There's a drawn-out beat of silence where you're just gazing at each other, neither one of you backing down. And then you're crossing your arms, and he's looking at your nose and your forehead and anywhere but your eyes, and then you're arching an eyebrow. He looks at you and breaks. Defeat.
"It's your present," He lets out a heavy sigh. "Well, the main one anyway."
You positively squeal. "Ooh! Can I see? Please?"
"Baby, it's the 20th."
"Can I have a hint?"
Jungkook blinks. "No, you cannot have a hint."
You're instantly pouting, but Jungkook expects that, because he knows you better than anyone else. Which is why he knows that you're a little spoiled, with a bit of a bratty streak, with just a dash of calculated charm that you use to your advantage to get just about anything you want. He's never seen it as a bad thing. In fact, he finds it cute. A little hot, too, if he's being truthful.
Anyway, he came prepared. Just as you're opening your mouth to no doubt make him spill the surprise, he's hushing you with a bruising kiss to your lips. The kind of kiss that makes you go pliant against him, the kind that makes you make a little noise in the back of your throat. The kind you've been waiting for all night.
It’s the trick that never truly runs its course.
And Jungkook is melting, too. Melting, turning to mush at your very feet, until you're moving backwards and clutching at his shoulders, ready to push him onto the couch.
"Mmm," He's humming against you, before he reluctantly draws back. He lets you chase his lips once, twice, before he chuckles lowly. "Hold on, angel."
You're suddenly feeling warm all over after his kisses, wanting nothing more than to cuddle into him into the couch and feel him next to you. Or maybe above you. With that chain you always tugged on dangling in your face. You really weren't picky.
You watched Jungkook break away from you and rummage through his bag with a frown and a newfound heat at the pit of your belly. "It can't wait?"
Like he said, he knows you, which means he knew kisses alone wouldn’t be able to satiate you nor get you to stop asking questions for the entire week.

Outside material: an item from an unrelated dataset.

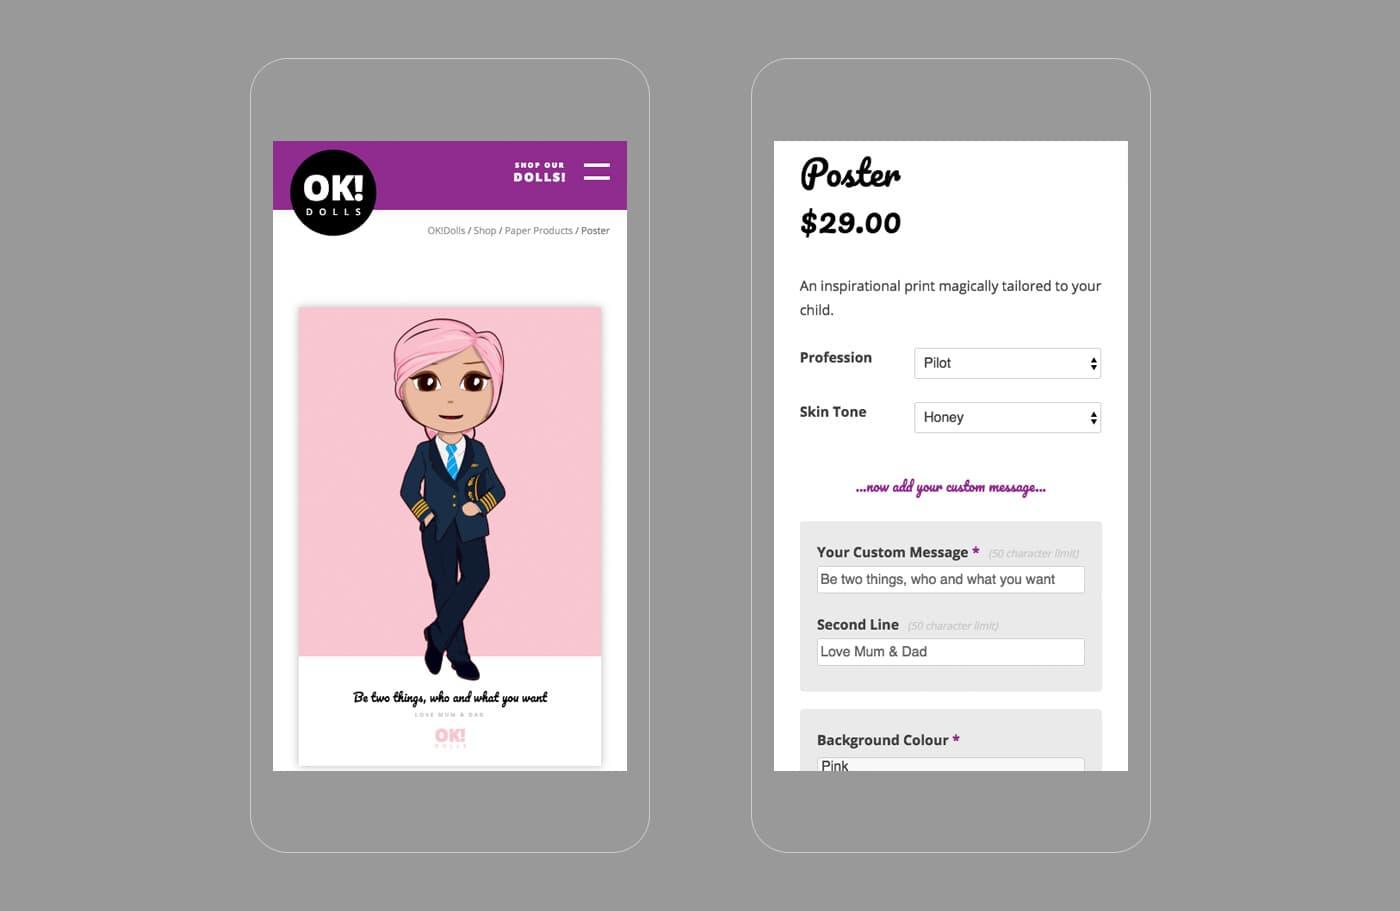 Custom Posters - mobile - OK!Dolls

No matter how mind-numbing they may be.
"One second," He promised, and you definitely counted at least five, but he quickly found what he was looking for all the same. "I brought a surprise. Well, two surprises."
He was holding both of his hands behind his back with this stupid grin on his face. You squinted for a few seconds, suspicious, before breathing out a laugh. "Are you ever gonna show me?"
Jungkook looked way too happy with himself.
"The most important surprise is mistletoe, obviously. Gonna have to find a way to glue it on to the ceiling above your bed." And there was that mischievous little smile that told you he had every intention of carrying that out.
You folded your arms over your body and scoffed. Even if you were trying and failing to keep your lips from quirking up and possibly, maybe finding it a little harder to breathe all of a sudden. "You're unbelievable, Jeon."
He just winked and held up his other hand, pulling a gasp from your lips the second you realized what it was.
"The Polar Express!"
"I had to check like, four different stores in the mall to find it. That's why I got here a little late, by the way. But I thought we could make some hot chocolate like in the movie and watch it together and," Jungkook pauses to think, licking his lips. "There's a 'ride my train' joke in here somewhere but I don't know how to say it."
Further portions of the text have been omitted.